Build an AI agent that takes error messages, traces through code to find root causes, generates fixes, and verifies them with regression tests. A practical guide to automated debugging.

From Error Message to Working Fix

When a bug is reported, a developer follows a predictable workflow: read the error, find the relevant code, understand what went wrong, write a fix, and verify it does not break anything else. A bug fixing agent automates this entire loop. It takes an error message or test failure as input, traces the root cause through your codebase, generates a patch, and runs your test suite to confirm the fix.

The Bug Fixing Pipeline

The agent operates in four phases: error analysis, code localization, fix generation, and regression testing.

flowchart TD
    START["Building a Bug Fixing Agent: Automated Diagnosis …"] --> A
    A["From Error Message to Working Fix"]
    A --> B
    B["The Bug Fixing Pipeline"]
    B --> C
    C["Error Analysis: Understanding What Went…"]
    C --> D
    D["Code Localization: Finding the Bug"]
    D --> E
    E["Fix Generation"]
    E --> F
    F["Regression Testing"]
    F --> G
    G["FAQ"]
    G --> DONE["Key Takeaways"]
    style START fill:#4f46e5,stroke:#4338ca,color:#fff
    style DONE fill:#059669,stroke:#047857,color:#fff
import os
import subprocess
from dataclasses import dataclass
from openai import OpenAI

client = OpenAI()

@dataclass
class BugReport:
    error_message: str
    stack_trace: str | None = None
    failing_test: str | None = None
    reproduction_steps: str | None = None

@dataclass
class BugFix:
    file_path: str
    original_code: str
    fixed_code: str
    explanation: str
    root_cause: str
    confidence: float

class BugFixingAgent:
    def __init__(self, project_dir: str, model: str = "gpt-4o"):
        self.project_dir = project_dir
        self.model = model

    def diagnose_and_fix(self, report: BugReport) -> BugFix | None:
        root_cause = self._analyze_error(report)
        relevant_files = self._locate_code(root_cause, report)
        fix = self._generate_fix(root_cause, relevant_files, report)
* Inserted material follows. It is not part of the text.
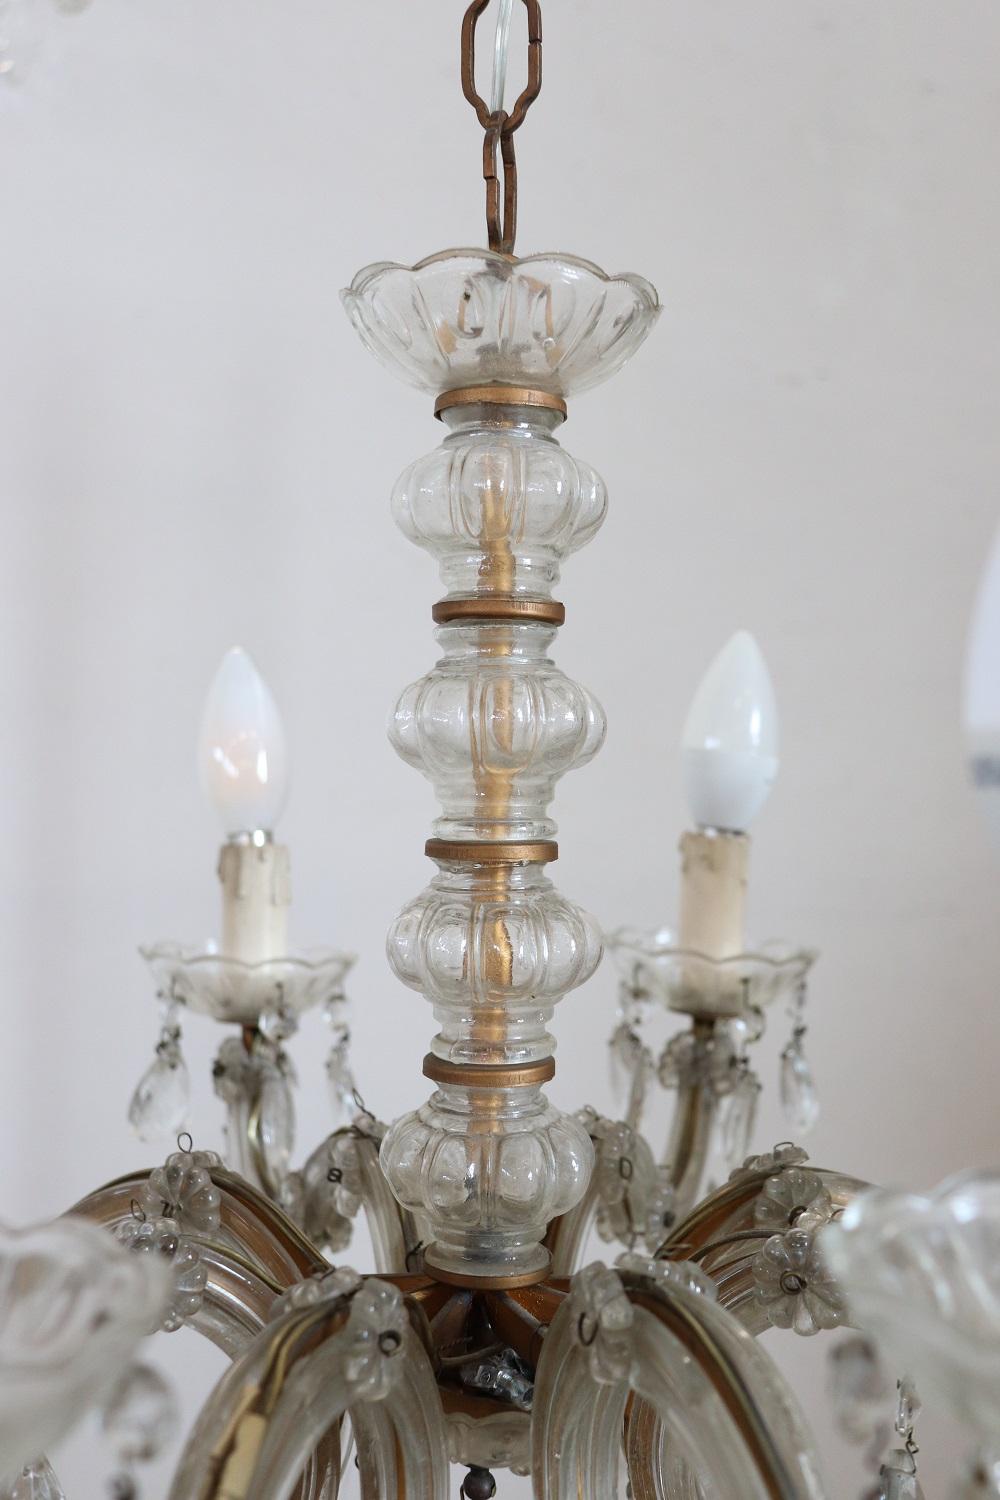 Late 19th Century 19th Century Italian Bronze and Crystals Chandelier For Sale

        if fix and self._verify_fix(fix, report):
            return fix
        return None

Error Analysis: Understanding What Went Wrong

The first step is parsing the error to understand the category of bug and where it likely originates.

def _analyze_error(self, report: BugReport) -> dict:
    context = f"Error: {report.error_message}"
    if report.stack_trace:
        context += f"\n\nStack trace:\n{report.stack_trace}"
    if report.reproduction_steps:
        context += f"\n\nReproduction steps:\n{report.reproduction_steps}"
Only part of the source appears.